Ich hab es getestet und er refresht auch fleißig. Nur meine Page ist 
template-basierend und den <head> hab ich nur in der Header Datei. Die eigentliche Page, die aktualisiert werden soll, ist ja eine andere Template datei,
und die page heißt nicht immer admin.php, sondern auch mal 
admin.php?modus=general usw.

Die admin.php alleine, ohne irgendwelche attribute zeigt nichts an.

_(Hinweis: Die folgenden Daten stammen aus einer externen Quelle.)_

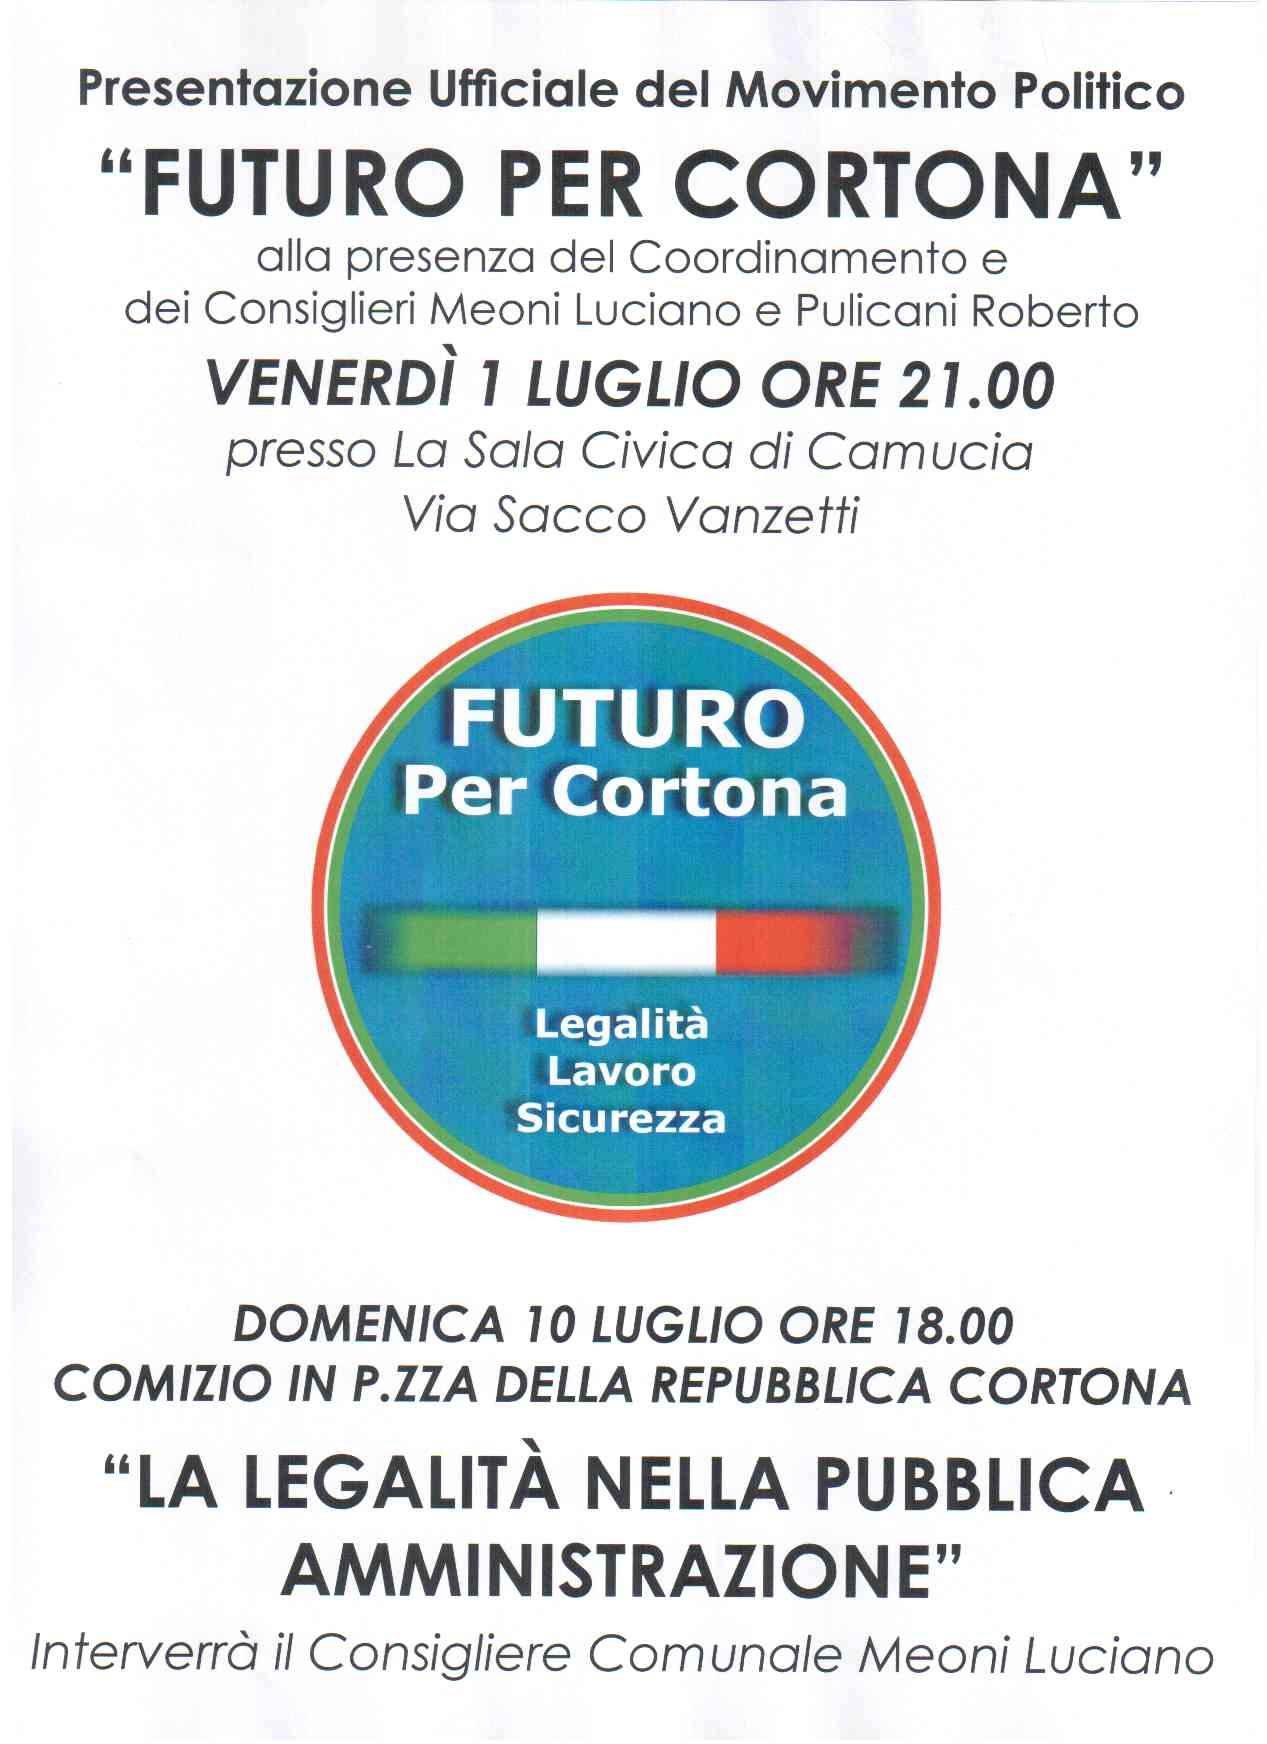 Futuro per Cortona: da gruppo consiliare a un vero movimento politico

Ich hab es auch schon mit der header(location: $php_self) methode probiert.
Nur da zeigt er mir die index.php an.


EDIT:
Zudem mit den Bildern kommt noch, dass ich damit auch die Position der Menüpunkte bestimmen kann.
Nur wenn das bei jedem Klick nicht aktualisiert wird, schiebt er den Eintrag niemals einen höher oder tiefer, da immer wieder der Eintrag, der auf dieser Position war, wieder dort hin wandert.


----------



## TheLamer (1. November 2003)

da must du bei variablen das doch glaube ich in '    ' setzen oder?


----------



## andyK (1. November 2003)

Hä? 

wie und wo meinst du jetzt?
meine Admin.php sieht so aus: (bisher) und die funktionen sind in einer 
anderen php datei.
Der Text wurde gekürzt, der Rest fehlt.